== Work instructions ==
Without skipping anything, print all of the data exactly.

== Data for analysis ==

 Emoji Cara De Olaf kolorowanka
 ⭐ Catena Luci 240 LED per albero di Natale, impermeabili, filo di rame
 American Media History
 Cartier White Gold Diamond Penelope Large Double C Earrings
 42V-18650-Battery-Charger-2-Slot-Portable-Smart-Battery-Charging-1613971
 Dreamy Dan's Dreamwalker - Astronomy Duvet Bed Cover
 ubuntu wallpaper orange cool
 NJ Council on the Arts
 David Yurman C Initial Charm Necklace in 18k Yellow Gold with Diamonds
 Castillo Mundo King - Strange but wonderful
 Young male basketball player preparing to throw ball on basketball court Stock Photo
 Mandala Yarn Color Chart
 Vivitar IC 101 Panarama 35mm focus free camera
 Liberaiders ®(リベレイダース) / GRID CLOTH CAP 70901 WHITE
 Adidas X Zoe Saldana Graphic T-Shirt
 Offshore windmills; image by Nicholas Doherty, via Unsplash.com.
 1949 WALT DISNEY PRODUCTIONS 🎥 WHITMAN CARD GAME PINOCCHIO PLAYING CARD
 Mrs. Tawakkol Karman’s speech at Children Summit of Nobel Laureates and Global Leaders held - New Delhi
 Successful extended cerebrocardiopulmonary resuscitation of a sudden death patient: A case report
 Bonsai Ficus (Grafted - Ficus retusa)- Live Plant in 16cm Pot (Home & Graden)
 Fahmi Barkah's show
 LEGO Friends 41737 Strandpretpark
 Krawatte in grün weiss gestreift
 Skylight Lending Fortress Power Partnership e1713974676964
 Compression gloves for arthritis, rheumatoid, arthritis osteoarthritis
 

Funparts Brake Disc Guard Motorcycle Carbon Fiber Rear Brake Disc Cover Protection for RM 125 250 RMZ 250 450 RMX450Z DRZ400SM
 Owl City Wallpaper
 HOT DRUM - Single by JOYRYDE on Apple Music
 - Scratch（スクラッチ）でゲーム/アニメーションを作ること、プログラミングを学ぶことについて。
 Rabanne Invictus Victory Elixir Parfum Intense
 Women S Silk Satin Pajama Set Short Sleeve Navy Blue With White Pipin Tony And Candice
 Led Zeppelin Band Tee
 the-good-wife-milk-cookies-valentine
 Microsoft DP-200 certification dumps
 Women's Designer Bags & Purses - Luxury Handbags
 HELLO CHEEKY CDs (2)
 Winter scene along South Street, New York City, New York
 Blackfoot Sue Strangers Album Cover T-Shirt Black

== Solution for this task ==
 Emoji Cara De Olaf kolorowanka
 ⭐ Catena Luci 240 LED per albero di Natale, impermeabili, filo di rame
 American Media History
 Cartier White Gold Diamond Penelope Large Double C Earrings
 42V-18650-Battery-Charger-2-Slot-Portable-Smart-Battery-Charging-1613971
 Dreamy Dan's Dreamwalker - Astronomy Duvet Bed Cover
 ubuntu wallpaper orange cool
 NJ Council on the Arts
 David Yurman C Initial Charm Necklace in 18k Yellow Gold with Diamonds
 Castillo Mundo King - Strange but wonderful
 Young male basketball player preparing to throw ball on basketball court Stock Photo
 Mandala Yarn Color Chart
 Vivitar IC 101 Panarama 35mm focus free camera
 Liberaiders ®(リベレイダース) / GRID CLOTH CAP 70901 WHITE
 Adidas X Zoe Saldana Graphic T-Shirt
 Offshore windmills; image by Nicholas Doherty, via Unsplash.com.
 1949 WALT DISNEY PRODUCTIONS 🎥 WHITMAN CARD GAME PINOCCHIO PLAYING CARD
 Mrs. Tawakkol Karman’s speech at Children Summit of Nobel Laureates and Global Leaders held - New Delhi
 Successful extended cerebrocardiopulmonary resuscitation of a sudden death patient: A case report
 Bonsai Ficus (Grafted - Ficus retusa)- Live Plant in 16cm Pot (Home & Graden)
 Fahmi Barkah's show
 LEGO Friends 41737 Strandpretpark
 Krawatte in grün weiss gestreift
 Skylight Lending Fortress Power Partnership e1713974676964
 Compression gloves for arthritis, rheumatoid, arthritis osteoarthritis
 

Funparts Brake Disc Guard Motorcycle Carbon Fiber Rear Brake Disc Cover Protection for RM 125 250 RMZ 250 450 RMX450Z DRZ400SM
 Owl City Wallpaper
 HOT DRUM - Single by JOYRYDE on Apple Music
 - Scratch（スクラッチ）でゲーム/アニメーションを作ること、プログラミングを学ぶことについて。
 Rabanne Invictus Victory Elixir Parfum Intense
 Women S Silk Satin Pajama Set Short Sleeve Navy Blue With White Pipin Tony And Candice
 Led Zeppelin Band Tee
 the-good-wife-milk-cookies-valentine
 Microsoft DP-200 certification dumps
 Women's Designer Bags & Purses - Luxury Handbags
 HELLO CHEEKY CDs (2)
 Winter scene along South Street, New York City, New York
 Blackfoot Sue Strangers Album Cover T-Shirt Black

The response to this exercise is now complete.